The WARN Act requires that employers provide employees (who must meet necessary conditions) with a written notice 60 days before the date of a mass layoff or plant closing. If the employer does not give the required notice, qualified employees may be able to seek damages for back pay and benefits for up to 60 days, depending on how many days’ notice they actually received.
It’s important to note that many states have their own notice requirements when it comes to mass layoffs or plant closures, and that those rules may be different from the federal law. Employers must comply with both federal and state WARN Act laws so employees should check state laws to determine if their company is in compliance.
The Department of Labor set forth a complex list of circumstances to determine whether the WARN Act applies to certain kinds of companies, and different types of workers. It is best to consult with a qualified Employment Attorney if you believe you were not given proper legal notice.
Employees Protected By WARN Act
Employees will be protected by the WARN Act if the employer is a business with 100 or more full-time workers (not counting workers who have less than 6 months on the job and workers who work less than 20 hours per week), or employs 100 or more workers who work at least a combined 4,000 hours a week. The company must be a private for-profit business, private non-profit organization, or quasi-public entity separately organized from the regular government.
Workers protected by WARN may be hourly or salaried workers, including managerial and supervisory employees.

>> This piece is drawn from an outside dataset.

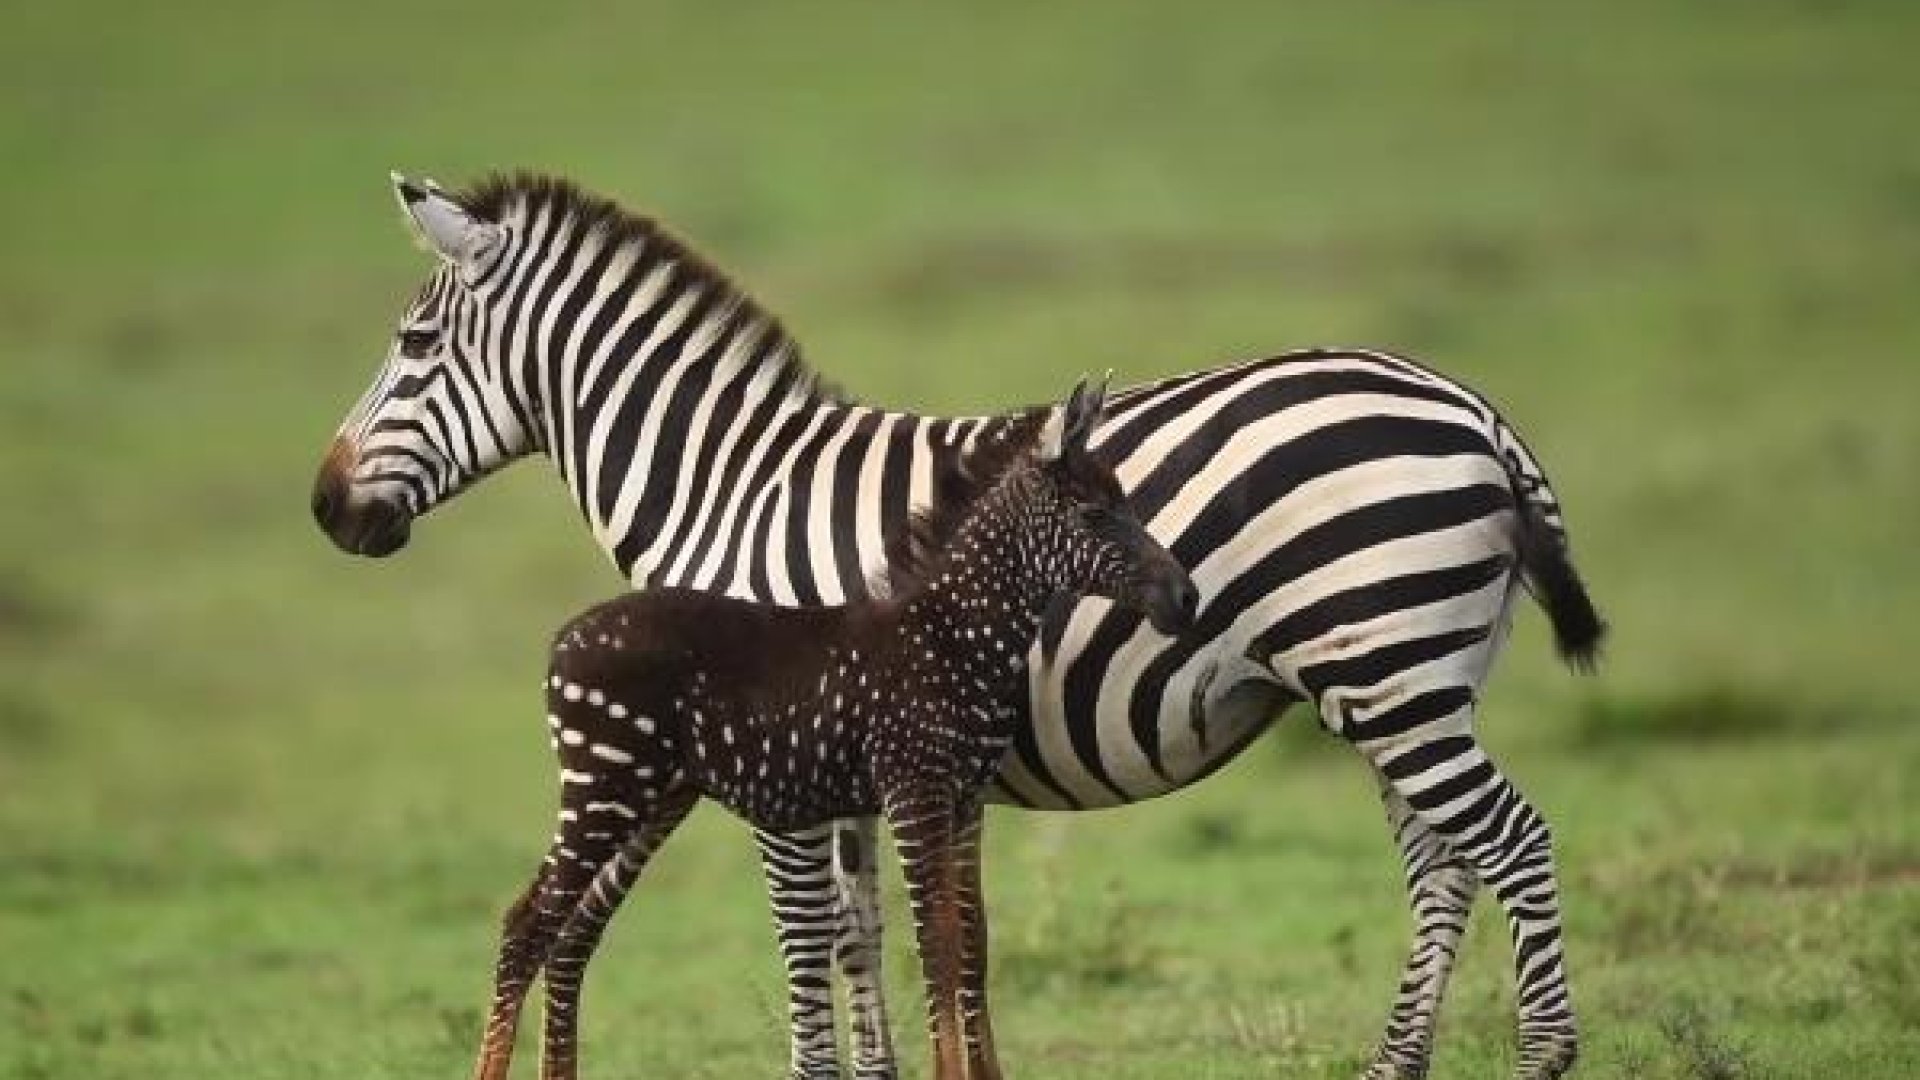 Rare Polka Dotted Zebra Foal “spotted” In Kenya Brightvibes 9643

People are be protected by WARN if the job loss occurs as part of one of these conditions:
- A plant closing, where the employer shuts down a facility or operating unit within a single site of employment and lays off at least 50 full-time workers
- A mass layoff, where the business lays off either between 50 and 499 full-time workers at a single site of employment and that number is 33% of the number of full-time workers at the single site of employment
- A situation where 500 or more full-time workers are laid off at a single site of employment
Workers whose companies meet the above conditions are entitled to WARN notice if they:
- Are terminated from employment, but did not voluntarily quit, retire, or are get discharged for cause
- Are laid off for more than 6 months
- Have their regular hours of work reduced by more than half during each month of a 6-month period
Employees Not Protected By WARN Act
Workers are not protected by the WARN Act when any of the following situations apply:
- Strikers, or workers who have been locked out in a labor dispute
- Employees working on temporary projects or facilities of the business who clearly understand the temporary nature of the work when they were hired
- Business partners, consultants, or contract employees assigned to the business but who have a separate employment relationship with another employer and are paid by that other employer, or who are self-employed
- Regular federal, state, or local government employees
If you have questions regarding layoff or compliance with the WARN Act, contact us.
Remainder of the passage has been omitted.